Why are there no seatbelts in buses

So why aren't there seatbelts in US motorcoaches?

There are no seatbelts in US buses because it was not required by US Department of Transportation, for several reasons:

* USDOT, and its sister organization, FMCSA, have concluded that seatbelts do not significantly add safety for the cost they incur. Seatbelts are basically only useful to prevent ejections, which only occurs in overturn/rollovers. Statistics for past 10 years show that rollovers occur roughly 29% of motorcoach crashes that is tracked by FMCSA, and only 50 fatatalies in the past 10 years (as of 2006) due to ejection, and the potential cost of retrofitting seatbelts to buses is in the BILLIONS. The money is better spend elsewhere, such as reduce greenhouse gases and so on.

* Ejection can be prevented by designing better window latches and roof exit latches as well. Remember, there can be up to 61 seats (more if you're dealing with double-decks, articulated buses, and so on) and that's 122 more pieces that needs to be checked daily. For windows and exits, there are just a few on a bus. And no one has yet to design a seatbelt that fits a baby all the way up to a 300+ pound human.

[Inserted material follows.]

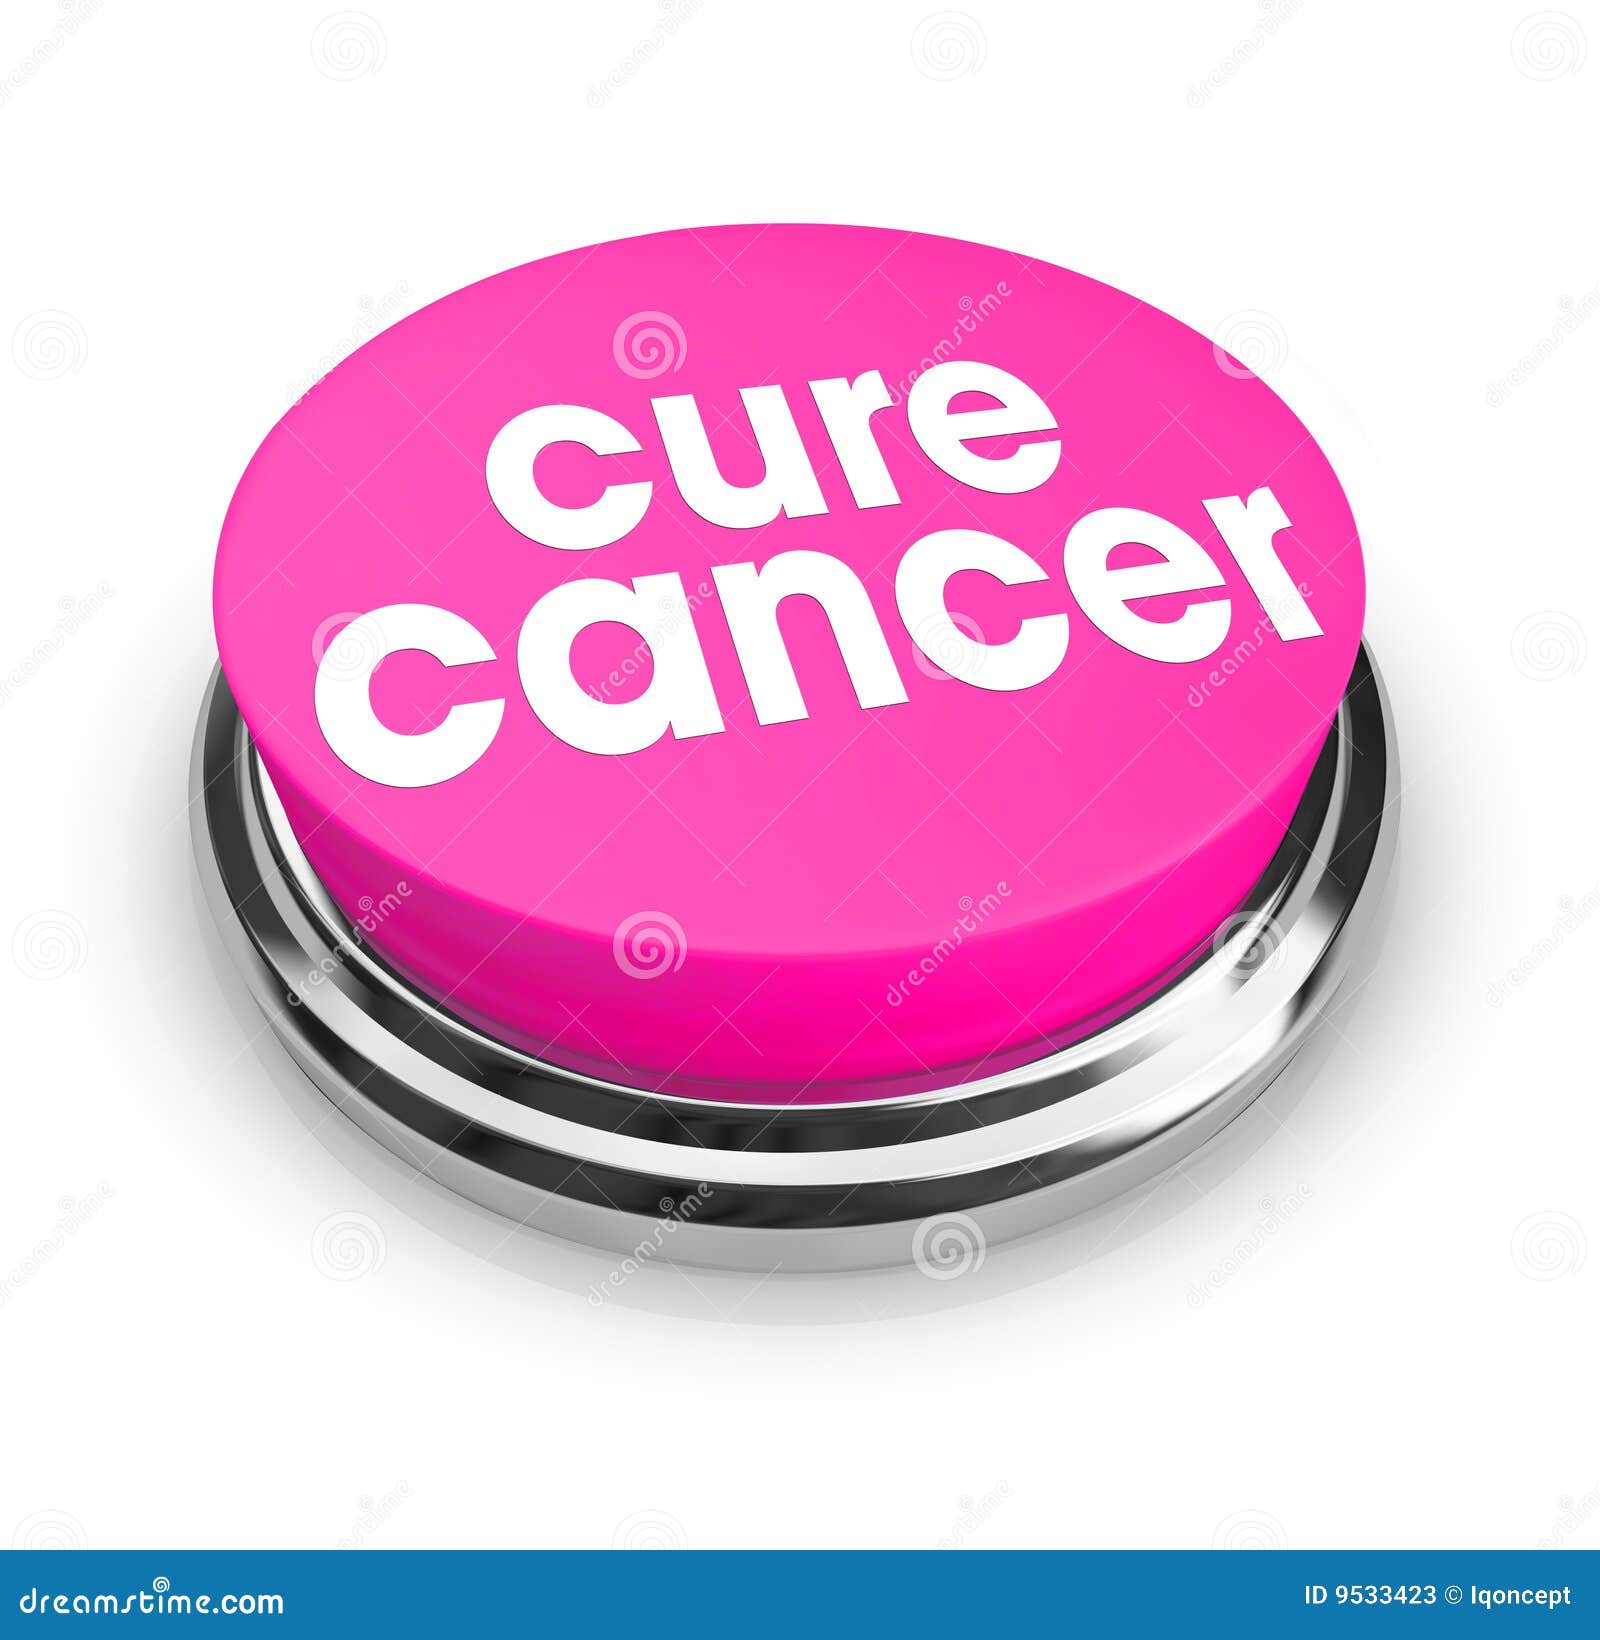 cure cancer - pink button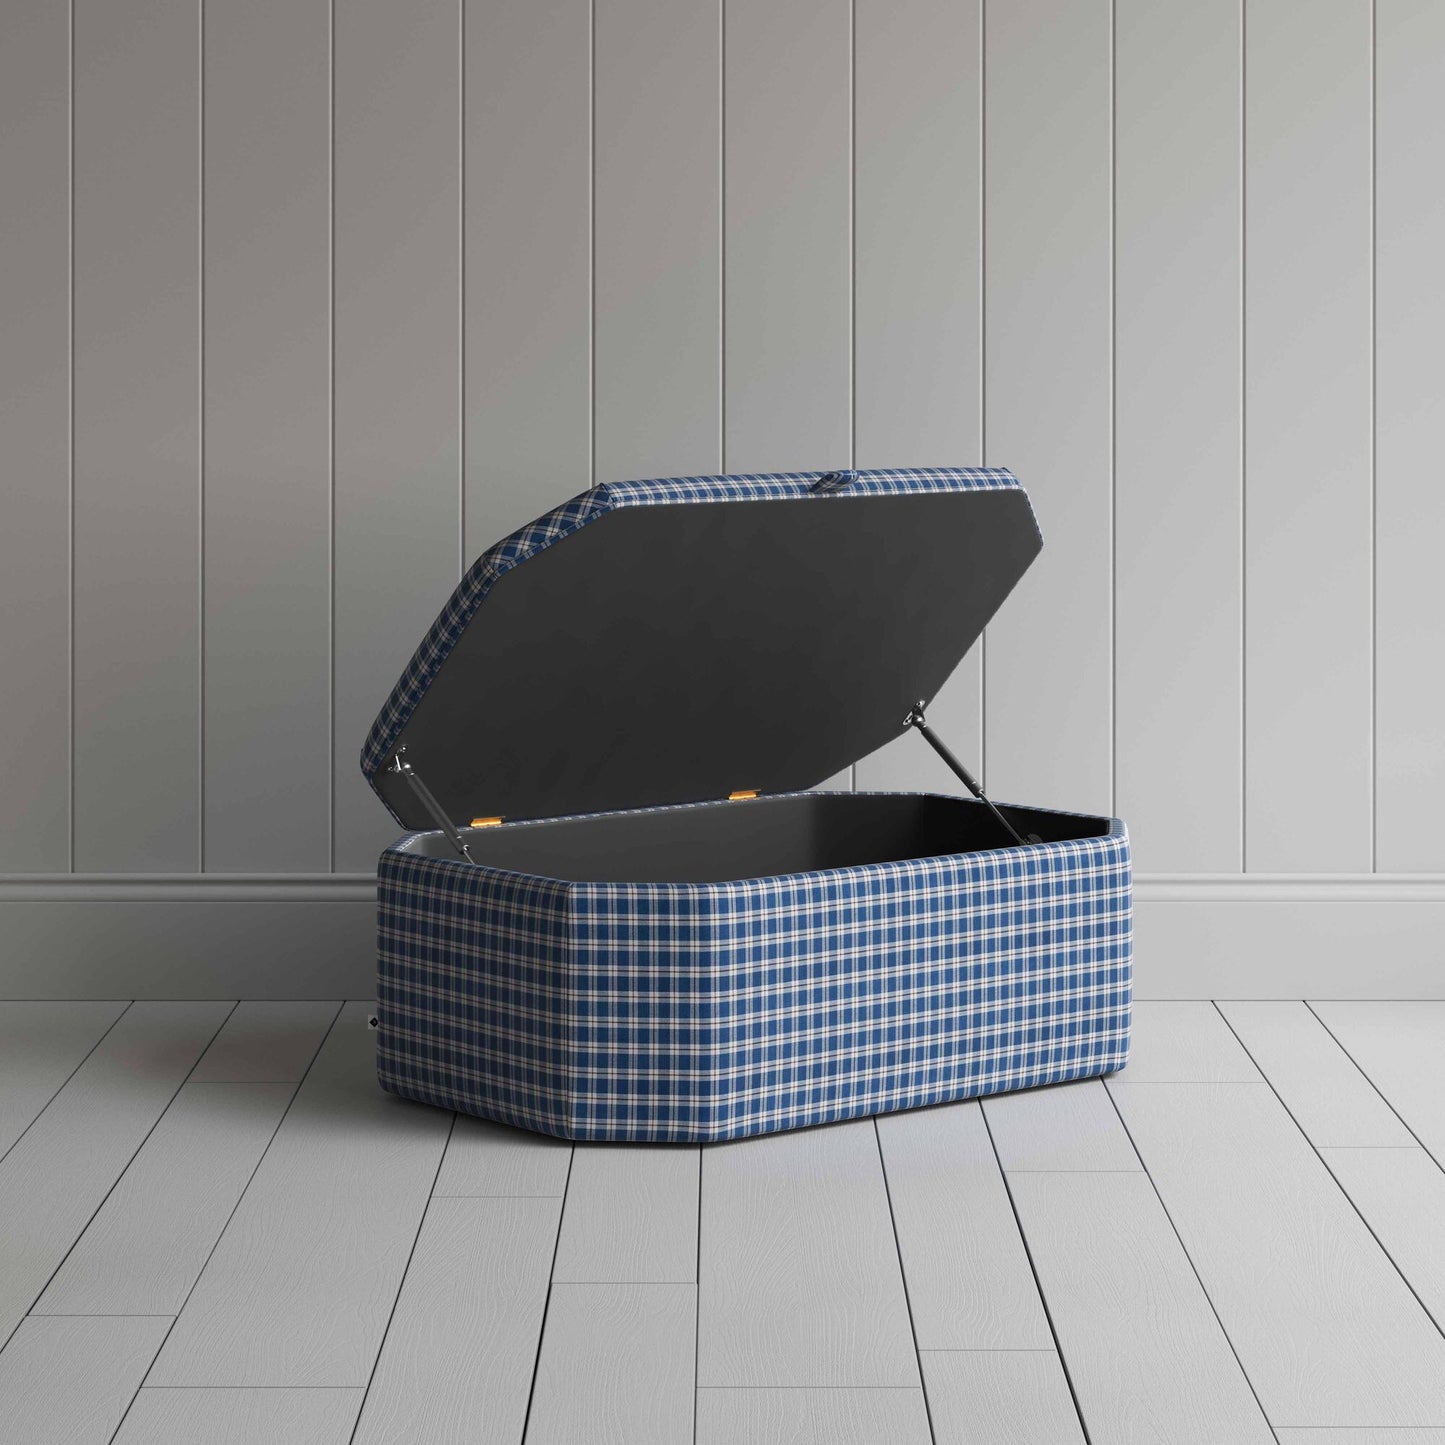 Hither Hexagonal Storage Ottoman in Well Plaid Cotton, Blue Brown

* Buses, esp. motorcoaches with the luggage space under the seats, are high enough off the ground that only impact with a fixed object or vehicle of similar size (big rig, another bus, etc.) would affect the passenger cabin.

* Fire is more of a danger to buses, esp. when those onboard are seniors. In 2005, a bus carrying Katrina refugees caught fire when rear brakes locked. The ensuing fire generated thick black smoke that killed several evacuated seniors from a nursing home despite the best efforts of onlookers and the driver to fight the fire and evacuate the passengers. If there are seatbelts, one can only imagine even WORSE confusion.

While both Europe and Australia have seatbelt requirements, they differ somewhat, and so far USDOT shows no plan to adopt either standard. They believe better window glazing and locking mechanism is more likely to prevent ejection of passengers in case of rollover.

USDOT is also looking forward to recommend roll stability control computers in all larger vehicles, but that is still in study phases.

Drivers are supposed to remember that their vehicle does not turn on a dime, and hitting things doesn't always hurt the bus a lot, and preventing rollovers is more important than avoiding collisions.